Da Israel ist, wie es ist, hat es wiederholt versucht, einen ungleichen Deal zu erreichen, wenn nötig durch Bestechung einiger libanesischer Beamter. Die Hisbollah stellte sich daher in der Nähe einer israelischen Plattform auf und kündigte an, dass nicht gearbeitet werden könne, bis ein endgültiges Abkommen unterzeichnet sei. Tel Aviv hat die Botschaft gut erhalten, stoppte seine Korruptionsbemühungen und verzichtete auf die Ausbeutung seines eigenen Gasfeldes.
Es blieb nur mehr die Unterzeichnung des Abkommens, wohl wissend, dass beide Parteien sich weigern, einander die Hand zu geben. Unter der Schirmherrschaft der Interimstruppe der Vereinten Nationen im Libanon (UNIFIL) fand eine Zeremonie statt. Die israelische und die libanesische Delegation kamen nach Naqurah, dem UNIFIL-Hauptquartier, um einer nach dem anderen ein Dokument zu unterzeichnen; ein Dokument, das an die UNO in New York übermittelt und von Ihr registriert wurde.
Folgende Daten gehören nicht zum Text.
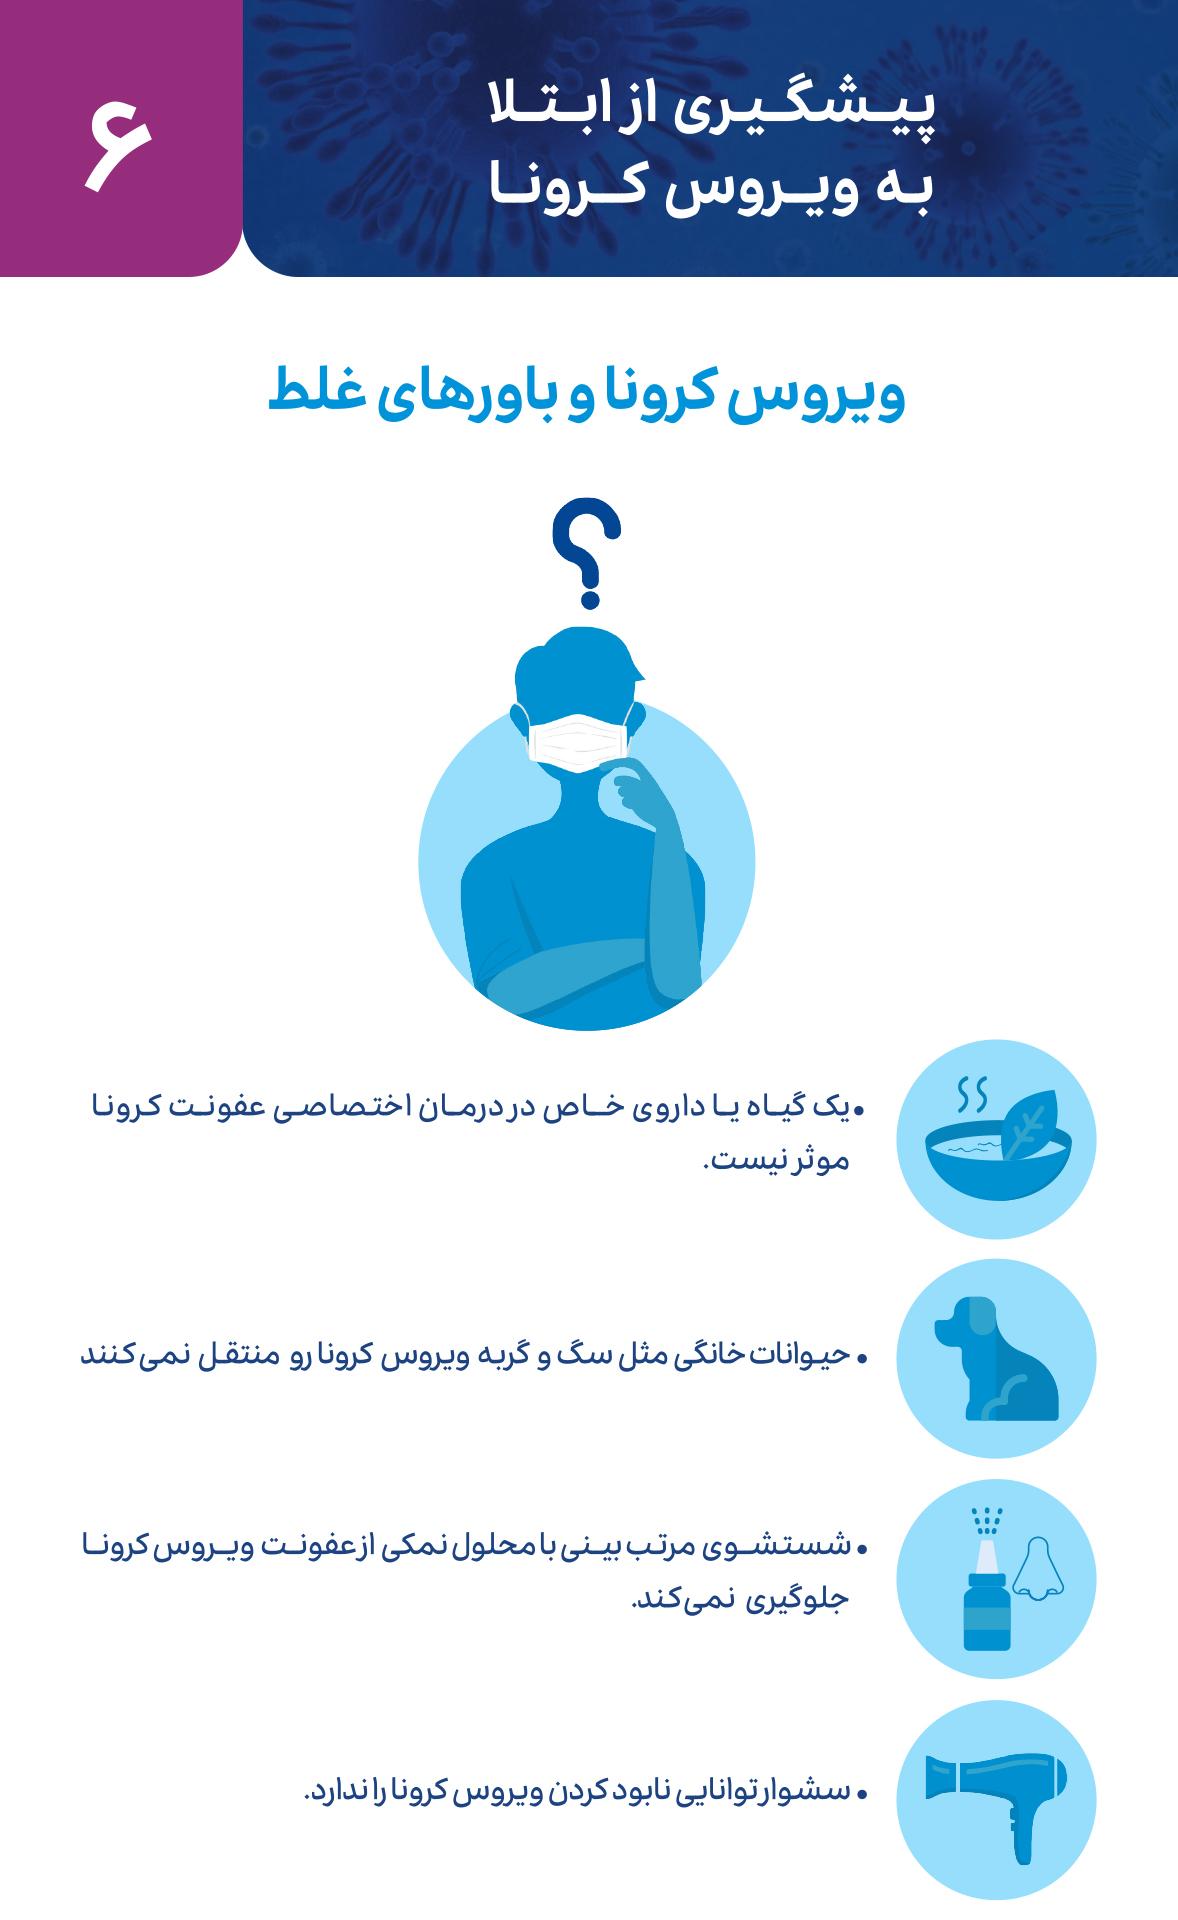 متخصص زنان اصفهان ویروس کرونا و باور های غلط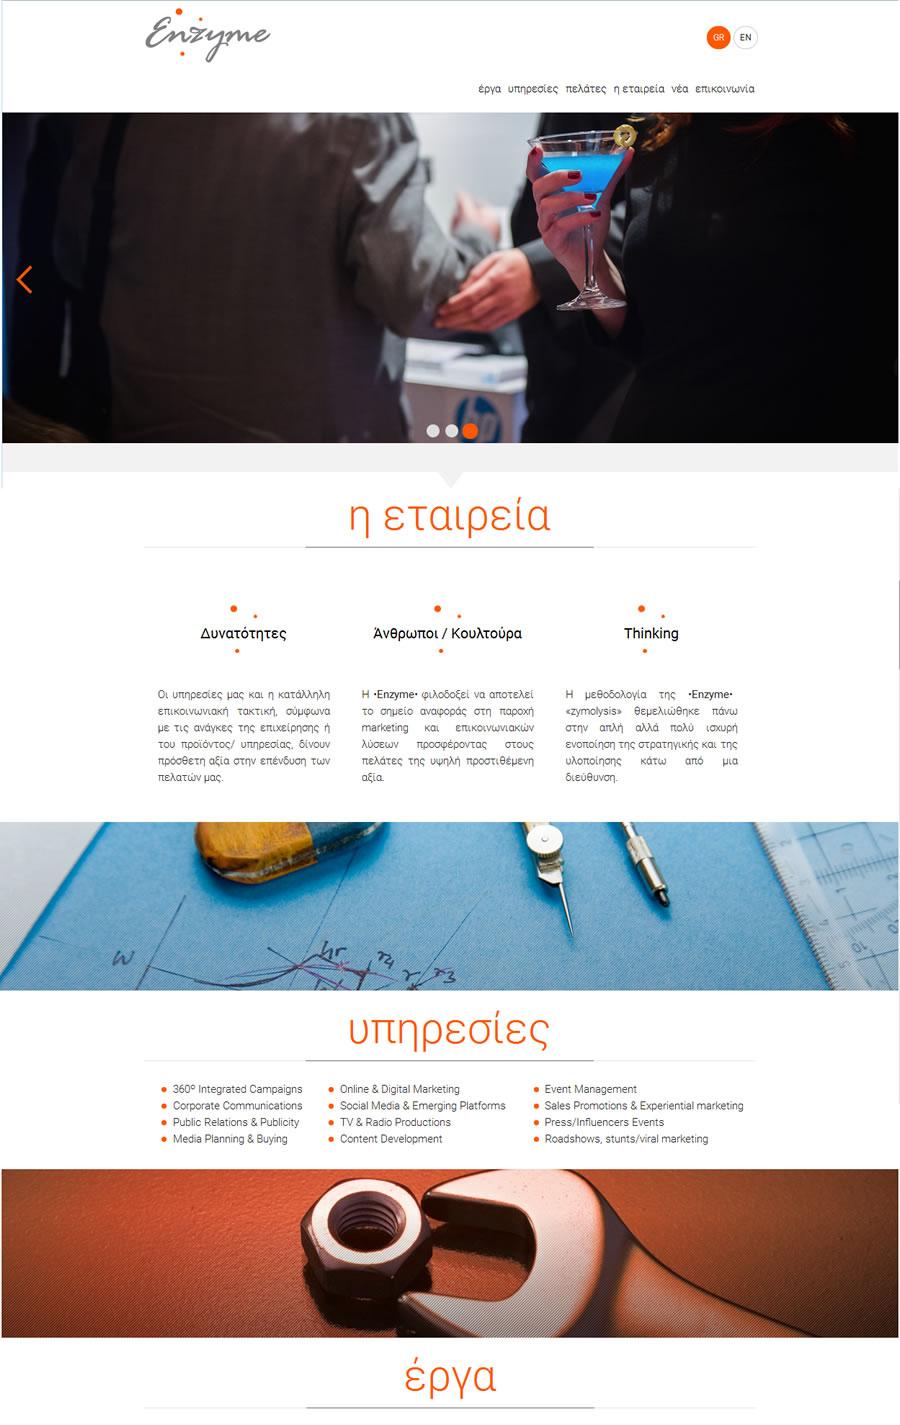 enzyme.gr website

Vor den Israelis sagte Premierminister Yair Lapid: "Der Libanon hat im Abkommen über die Festlegung der Seegrenze zwischen den beiden Ländern den Staat Israel anerkannt. Dies ist eine politische Errungenschaft, es passiert nicht jeden Tag, dass ein feindlicher Staat den Staat Israel in einem schriftlichen Abkommen anerkennt, und dies vor der gesamten internationalen Gemeinschaft." Das ist eine etwas übertriebene Auslegung und Sayyed Nasrallah, der Generalsekretär der Hisbollah, antwortete ihm: "Präsident Michel Aoun hat keinen internationalen Vertrag unterzeichnet. Es ist also nicht die Anerkennung Israels (...) Der Prozess, der zur Unterzeichnung des Abkommens geführt hat und die Form dieses Abkommens bestätigen, dass jedes Gerede über Normalisierung unbegründet ist. (...) Die Verhandlungen waren indirekt und die Delegationen haben sich nicht getroffen."
Aus der Sicht von Herrn Lapid, der versucht, sein Land zu dekolonisieren – das heißt, Israels kolonisierenden Charakter zu beseitigen – ist dies ein Schritt in Richtung Normalisierung. Aus Sicht von Nasrallah, der für die Unterzeichnung dieser Verpflichtung keine Zustimmung des libanesischen Parlaments benötigte, handelt es sich formal nicht um einen Vertrag, sondern um eine Abfolge gegenseitiger Verpflichtungen... mit Wert eines Vertrags. Kurz gesagt, jeder bleibt bei seiner Position, ist entgegenkommend mit seinen eigenen Prinzipien, und handelt im Interesse aller.